Die Methode der hier dargestellten Psychotherapie würde ich als tiefenspychologisch fundiert beschreiben, die gemeinsam mit der Psychoanalyse zu den psychodynamischen Therapien gehört und schon lange als anerkannte Therapieverfahren gelten und somit auch von allen Krankenkassen bezahlt werden.

Bemerkenswert ist, wie liebenswert die Autorin ihre Patienten beschreibt und wie viel Menschlichkeit in den Geschichten rund um Tod, Trennung, falschen Lebensentscheidungen und Sinnkrisen steckt.

Lori Gottlieb weiß, wie man Geschichten erzählt und kennt sich aus mit Dramaturgie, Spannungsbogen und Sprache.

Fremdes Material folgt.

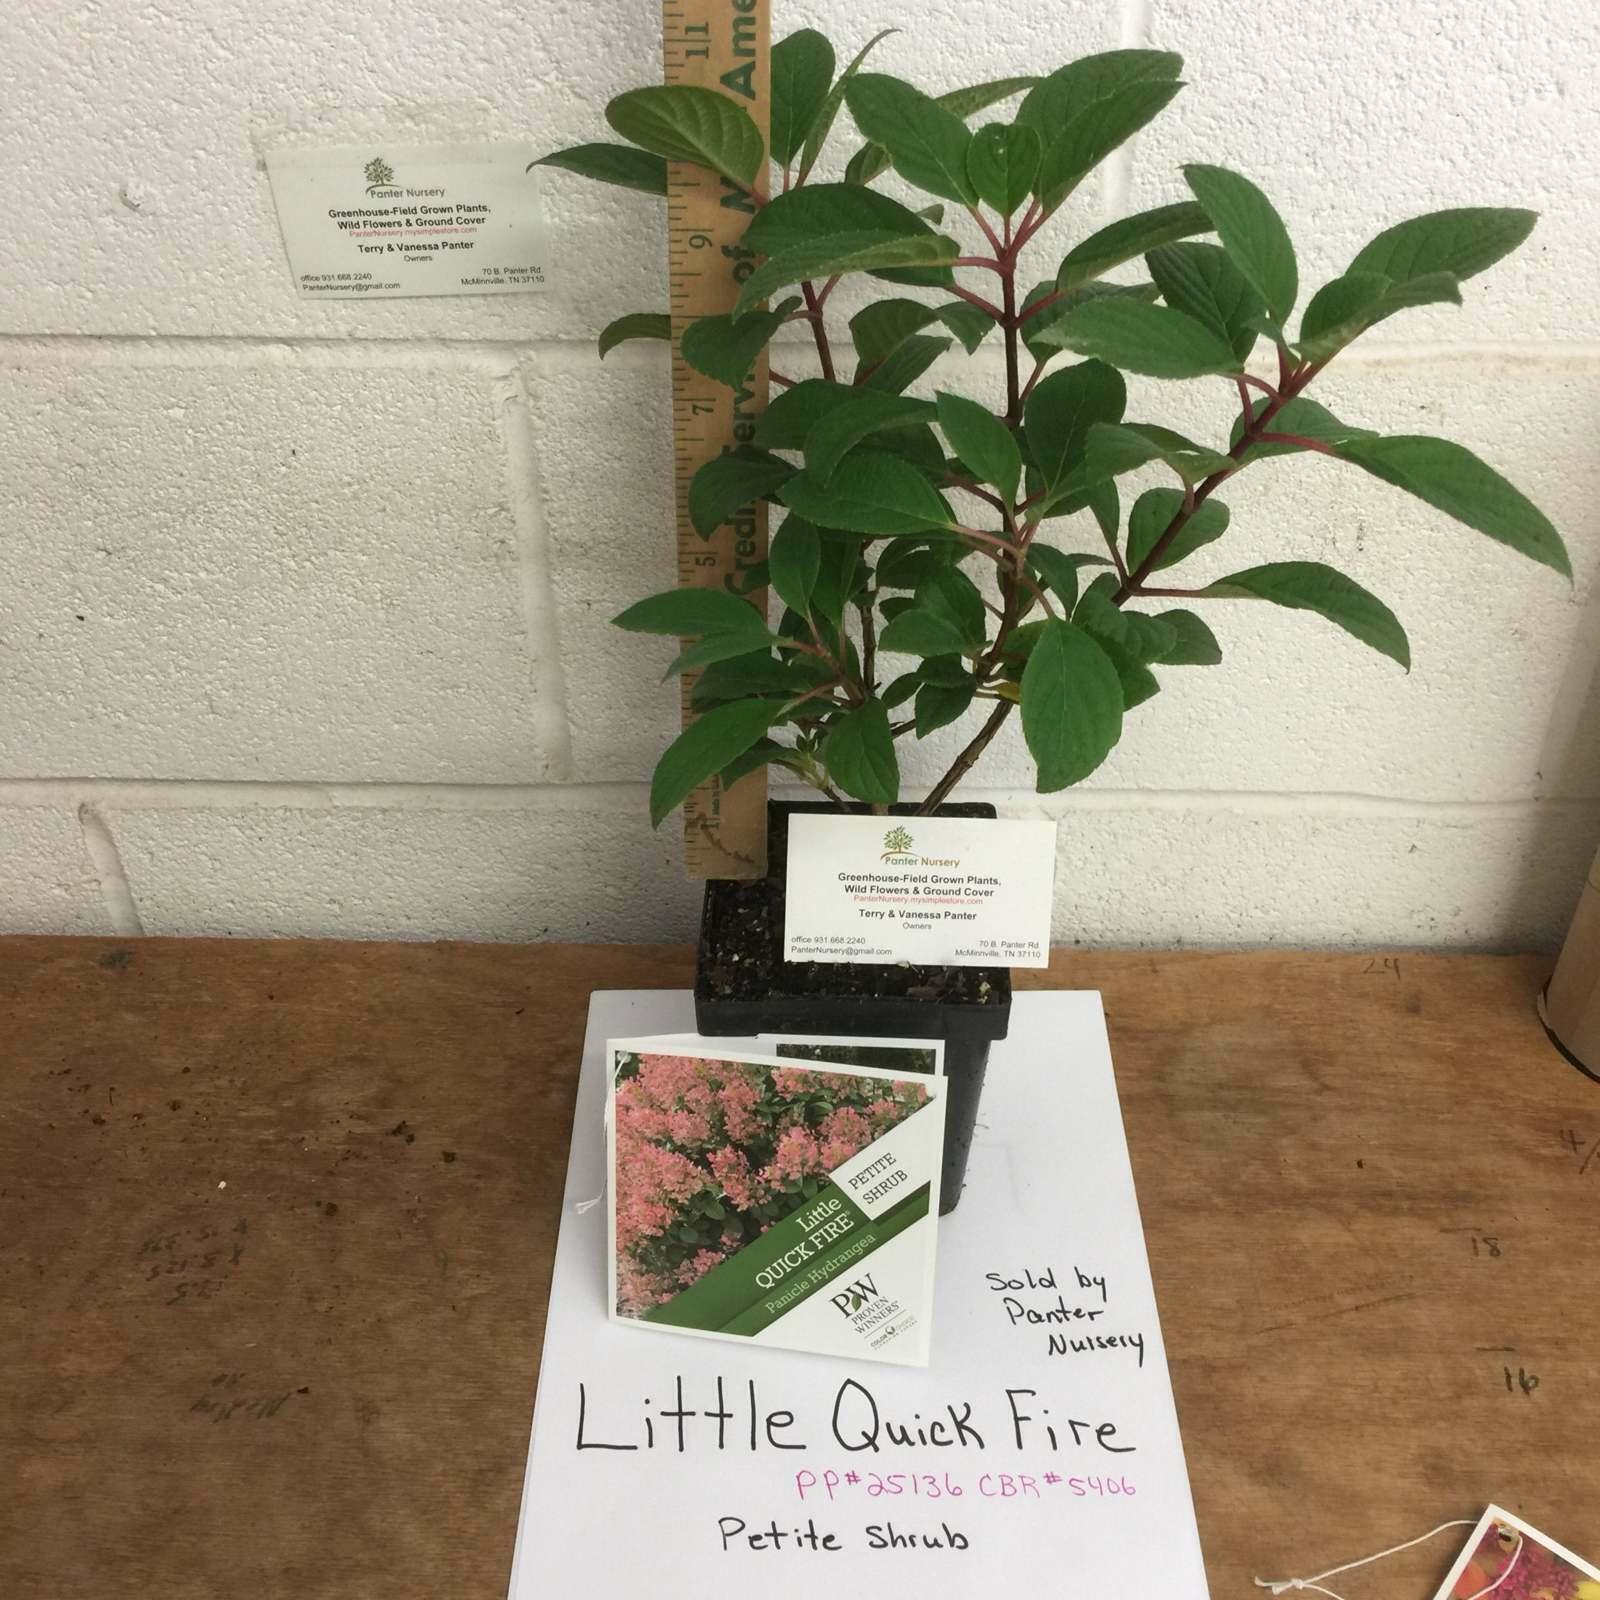 2 Little Quick Fire Panicle Hydrangea Petite Dwarf Shrubs, 6-12" Tall, Quart Pot - The Nursery Center

Sicherlich kommt ihr dabei zugute, dass sie vor ihrer Psychotherapie-Ausbildung Drehbuchautorin in Hollywood war.

Daher kann ich es ihr auch nachsehen, das manches fachlich etwas gewagt dargestellt wird. Ob dies nun immer dem therapeutischen Abstinenzgebot entspricht, sei mal dahingestellt. Ich verstehe das Buch vorrangig als gute Unterhaltung mit leichtfüßiger Wissensvermittlung.

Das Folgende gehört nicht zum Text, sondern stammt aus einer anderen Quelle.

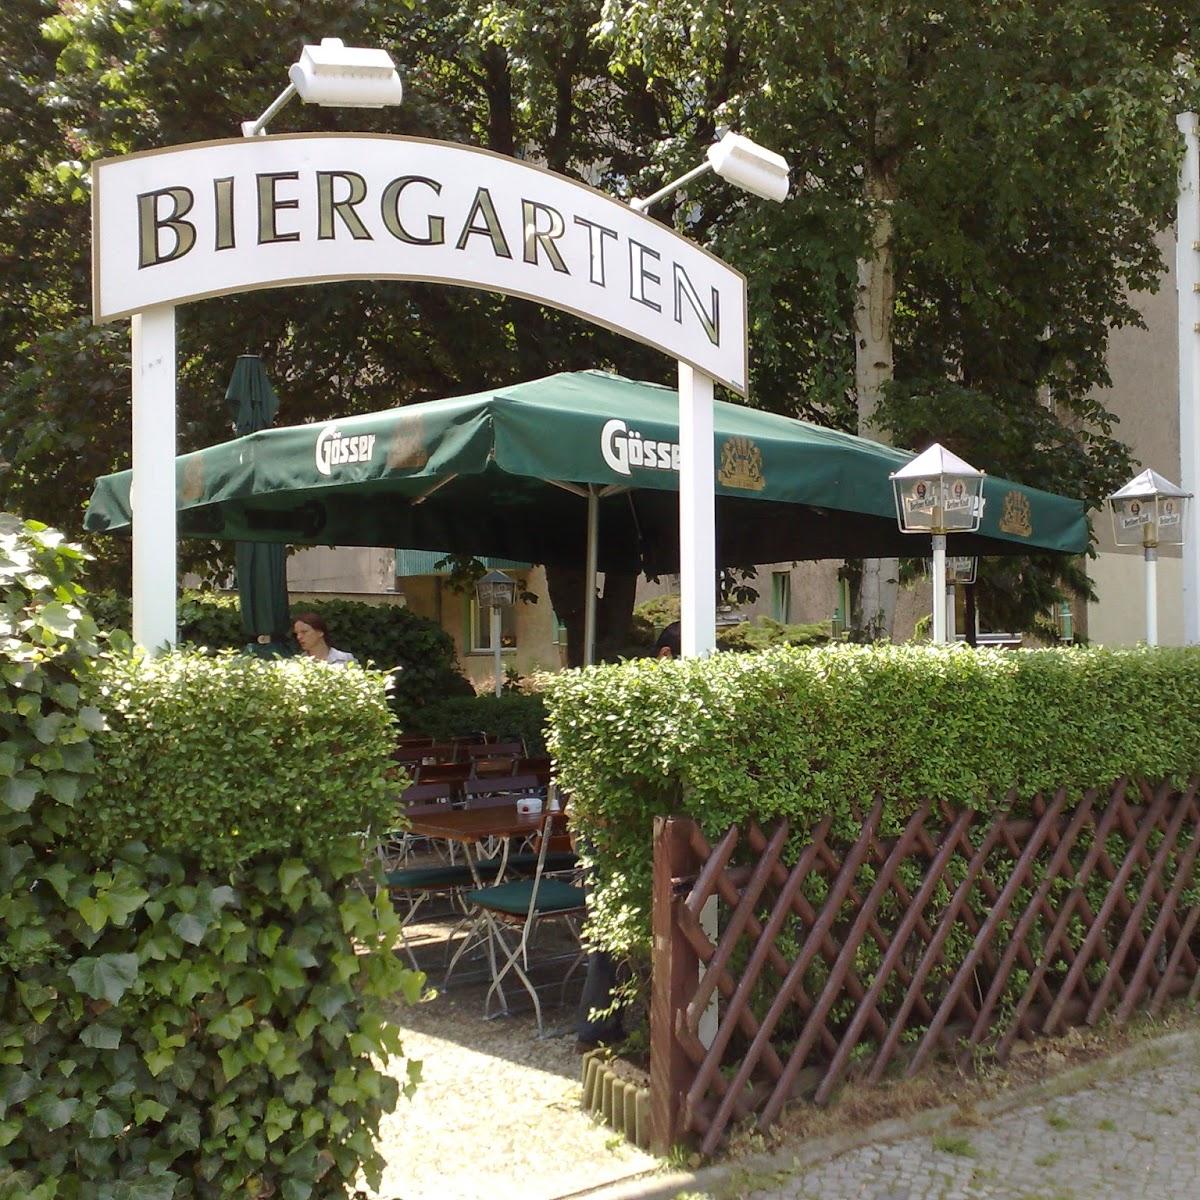 Restaurant "Gasthaus Stelzeneder" in Berlin

Auch ahne ich, dass ein Grund für ihren Erfolg dem Umstand geschuldet ist, dass sie so viel Privates von sich Preis gibt. Sie spielt mit den Fantasien, die Patienten über ihre Therapeuten haben, aber normalerweise nicht beantwortet bekommen. Ich kann mir vorstellen, dass neben einem voyeuristischen Vergnügen, dem hier munter gefrönt werden kann, es auch etwas Tröstliches hat, wenn man hautnah miterlebt, dass auch Psychotherapeuten nicht perfekt sind und kein ausschließlich glückliches, konfliktfreies Leben führen. 

Schon länger gibt es eine Imperfekt -Bewegung, in der Menschen sich bewusst ungestylt und zuweilen sogar unvorteilhaft in den sozialen Medien darstellen. Ungeschminkt zeigen sie sich mit all ihren Schwächen und bekommen dafür Anerkennung. Inwieweit dies nun als neue Art der Selbstinszenierung kritisch betrachtet werden muss, bleibt abzuwarten. 

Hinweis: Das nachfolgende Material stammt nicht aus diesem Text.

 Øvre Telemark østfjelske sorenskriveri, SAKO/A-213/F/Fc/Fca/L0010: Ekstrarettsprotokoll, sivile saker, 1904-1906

Zuallererst sehe ich dahinter ein gesellschaftliches Aufbegehren gegen den Selbstoptimierungsanspruch, der in den vergangenen Jahren nahezu überall Einzug erhalten hat. Zuweilen hat er Menschen dazu verführt, zu glauben, sie könnten alles erreichen und alles wäre möglich, wenn sie sich bloß genügend anstrengten oder die richtige Methode fänden. Als ob jede Schwäche, jede eigene Begrenzung auf Faulheit oder mangelnden Willen zurückzuführen wäre.

Es gab Jahre, in denen junge, fleißige Studierende, die meine Praxis aufsuchten, allein schon deshalb zur Ruhe kamen, weil ich ihnen erklärte, dass sie hier in der Therapie nicht alles richtig machen müssten und wir uns Zeit nehmen würden, ohne Wertung und Druck zu verstehen, was sie wirklich bewegt.

Was mich aber doch noch interessieren würde und ich bisher nur von meiner Patientin erfahren habe ist, welchen Einfluss diese Art der therapeutischen Darstellung auf Patienten oder generell die Leser, die Gesellschaft hat. Welche Fantasien werden geweckt, welche Vorstellung über Psychotherapie und Therapeuten? Entsteht Neugier oder Abscheu? 

Wird der Therapeutenberuf jetzt sogar richtig cool?!